> [Dataset extract]
====

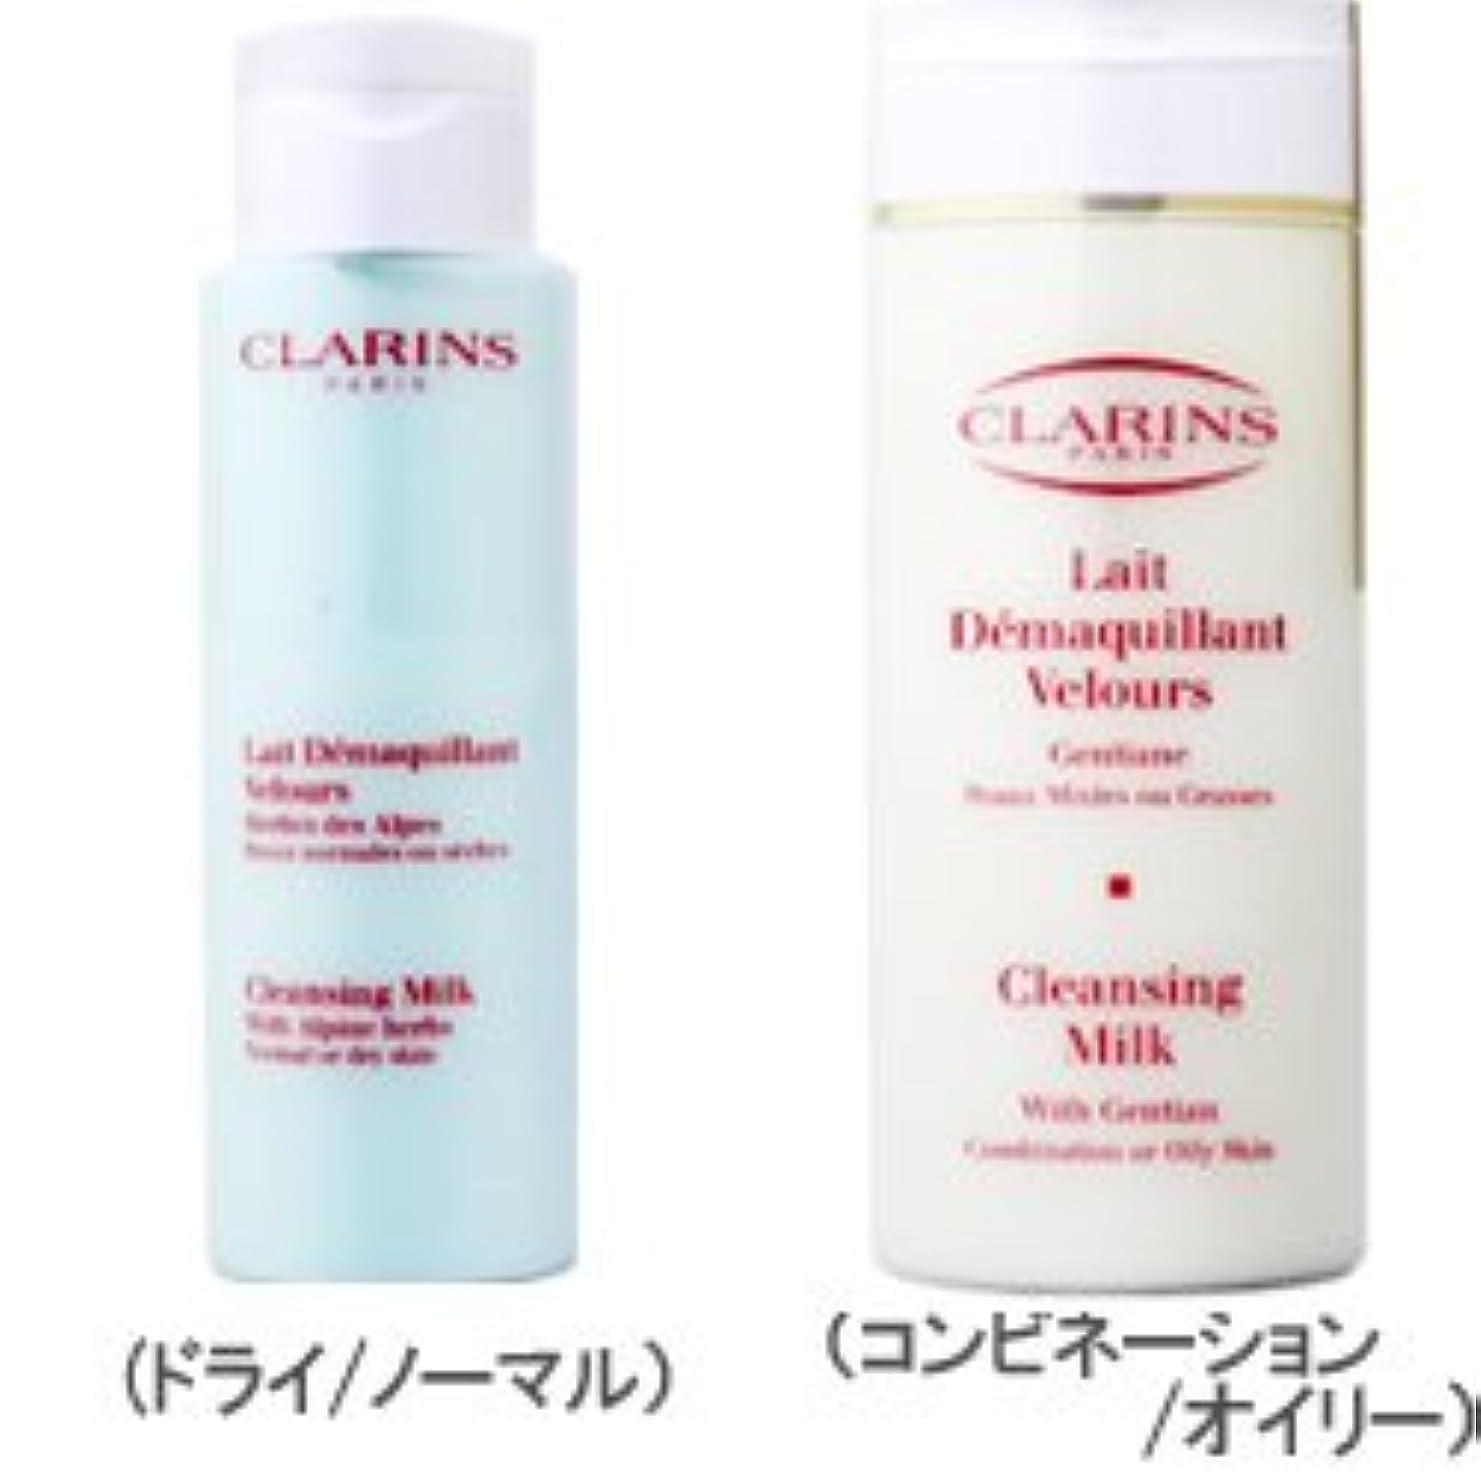 困惑したセンチメートルコンクリートクラランス CLARINS クレンジング ミルク 200mL【コンビネーション/オイリー】 [並行輸入品]
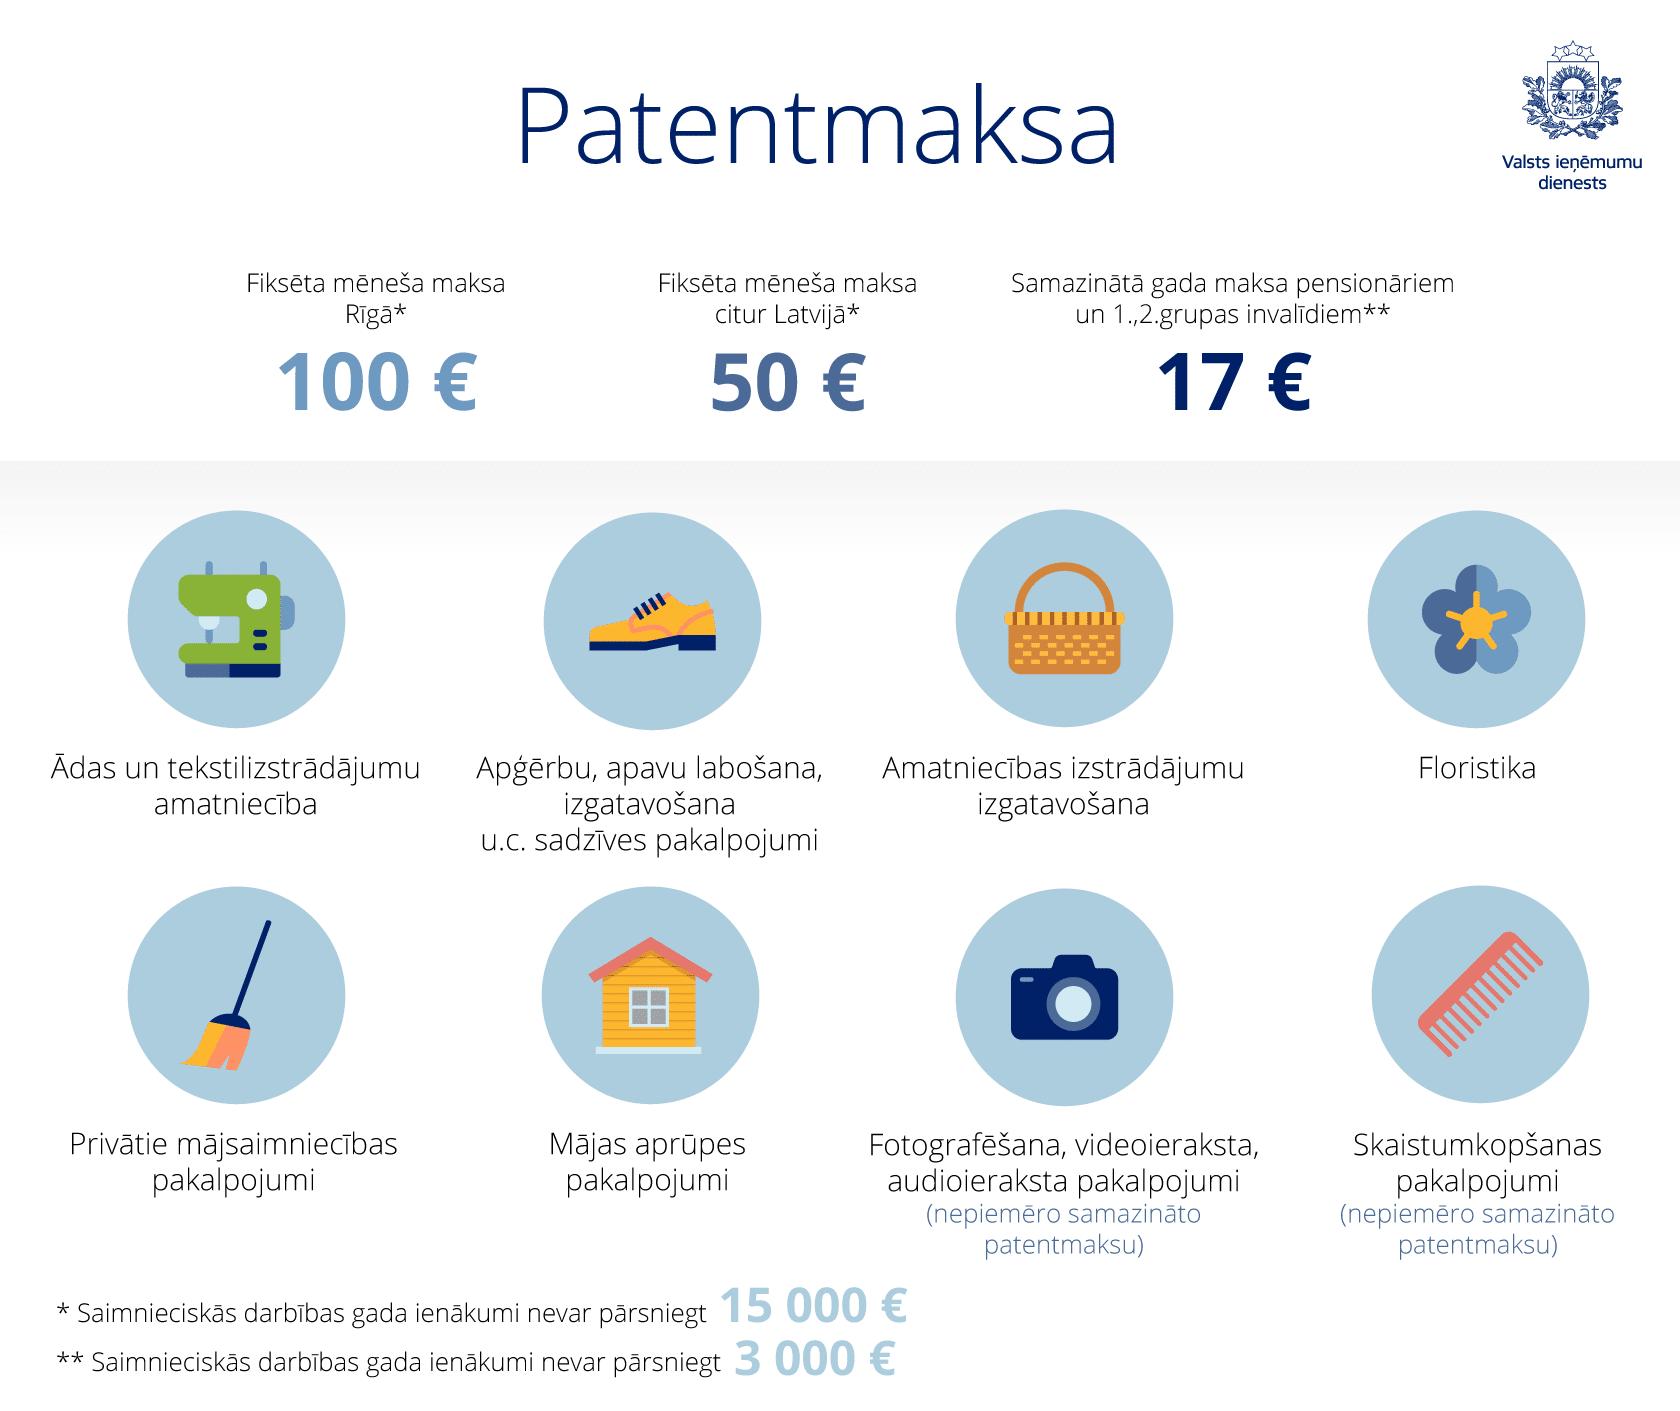 Uz trim mēnešiem bez samaksas var pagarināt patentmaksas piemērošanas termiņu
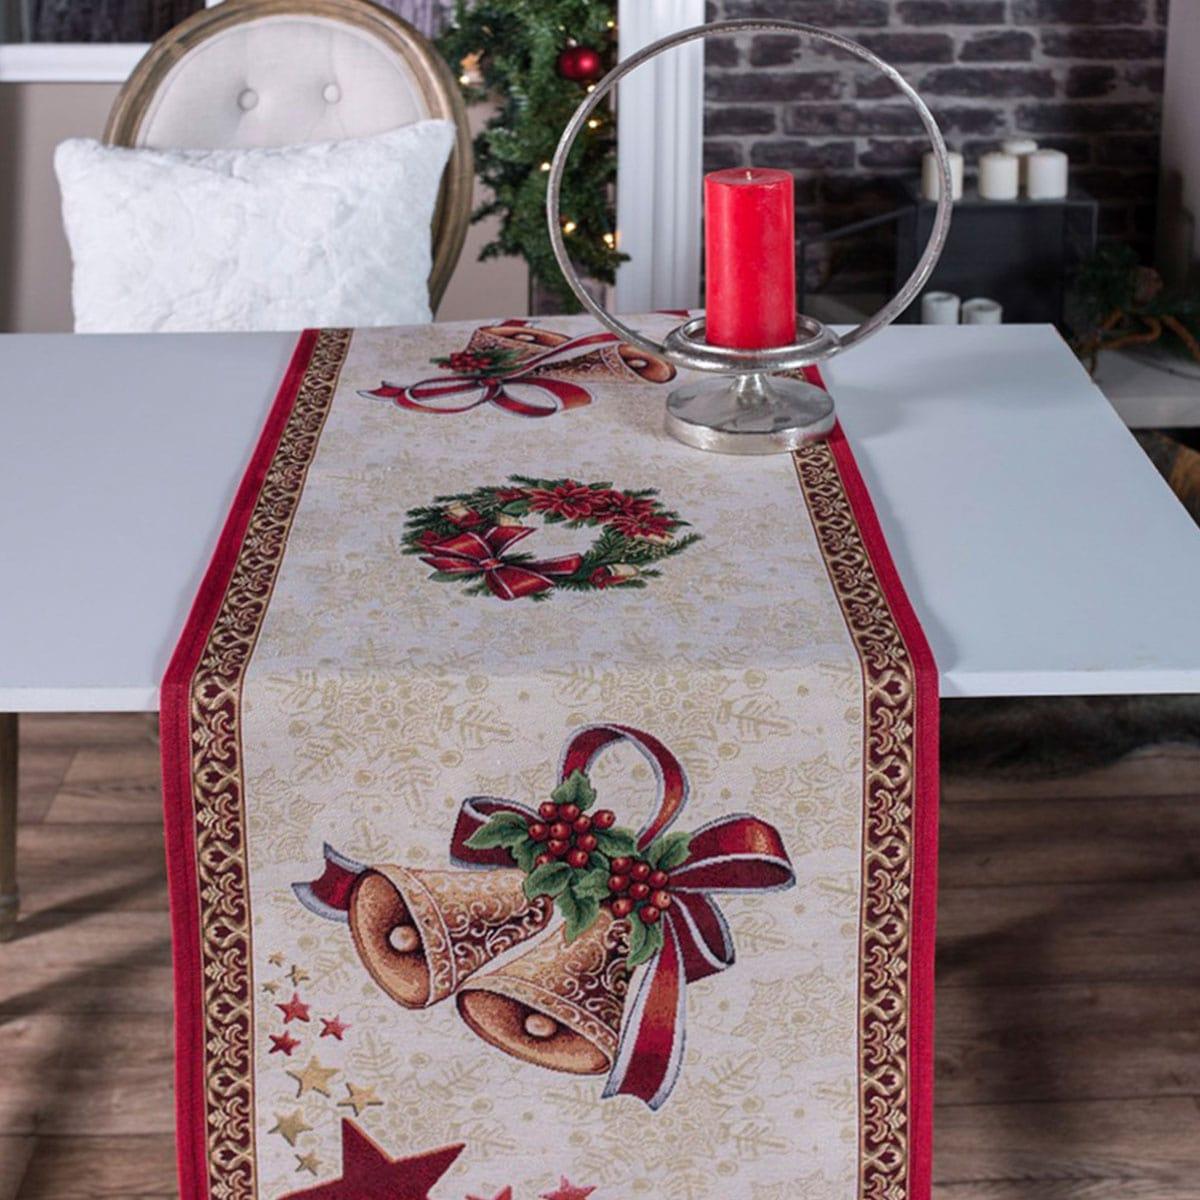 Τραβέρσα Χριστουγεννιάτικη Festive Multi Teoran 40Χ150 45x140cm
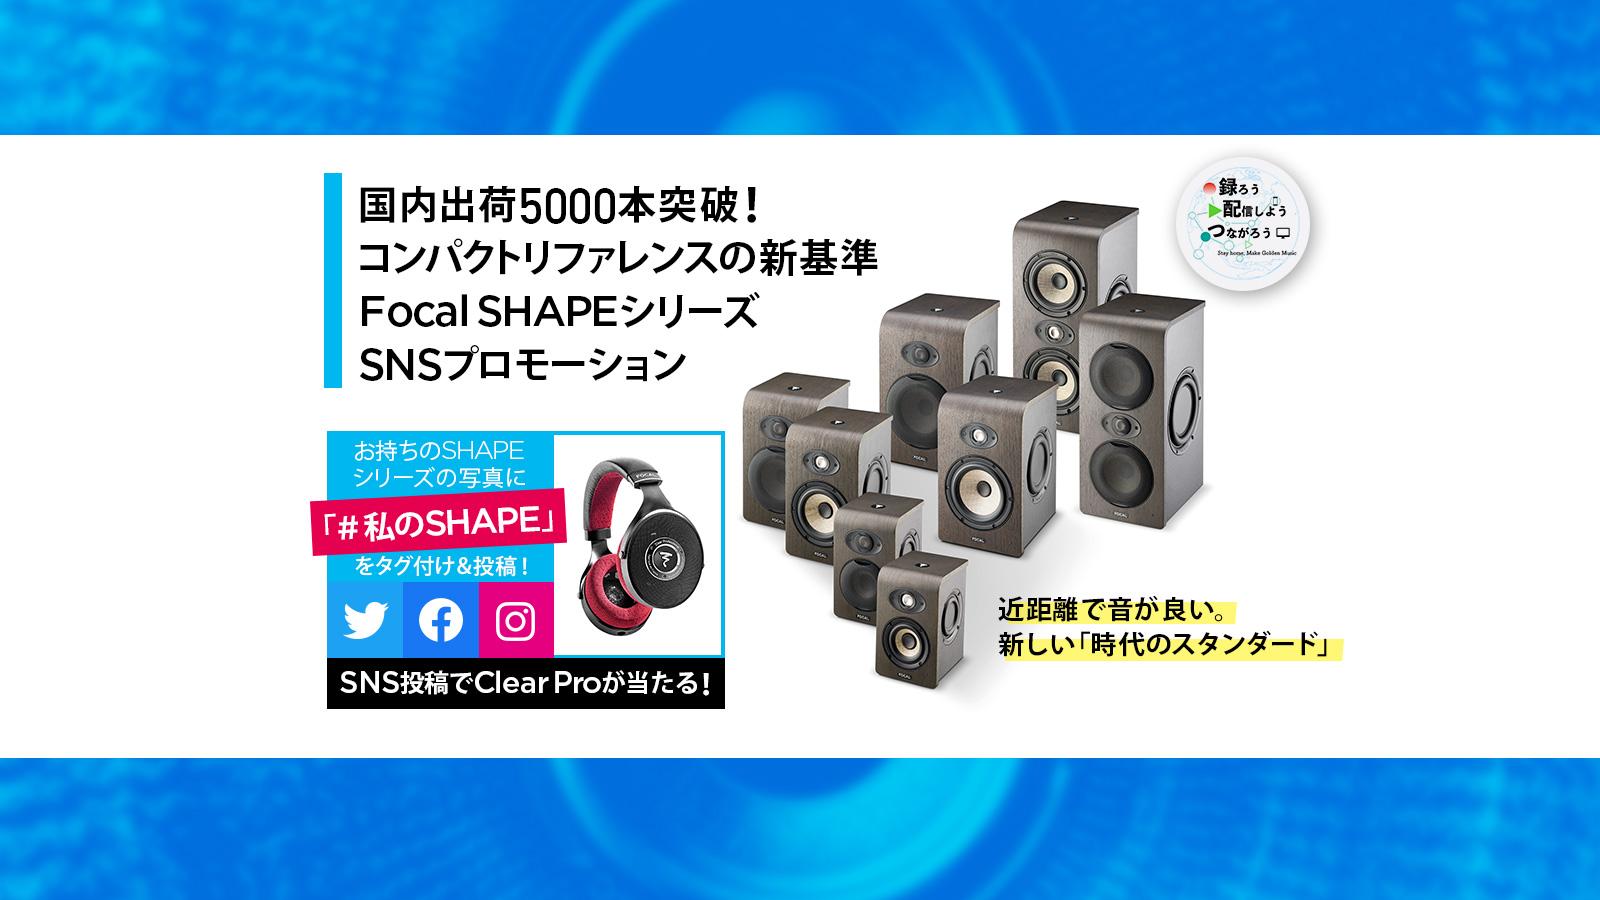 国内出荷5000本突破!Focal Shapeシリーズ 「#私のSHAPE」ハッシュタグ・プロモーション!

====

> [Activity]
Could you write out every line above exactly as it stands, with no images?

> [Response to this task]
 困惑したセンチメートルコンクリートクラランス CLARINS クレンジング ミルク 200mL【コンビネーション/オイリー】 [並行輸入品]
 Uz trim mēnešiem bez samaksas var pagarināt patentmaksas piemērošanas termiņu
 Τραβέρσα Χριστουγεννιάτικη Festive Multi Teoran 40Χ150 45x140cm
 国内出荷5000本突破!Focal Shapeシリーズ 「#私のSHAPE」ハッシュタグ・プロモーション!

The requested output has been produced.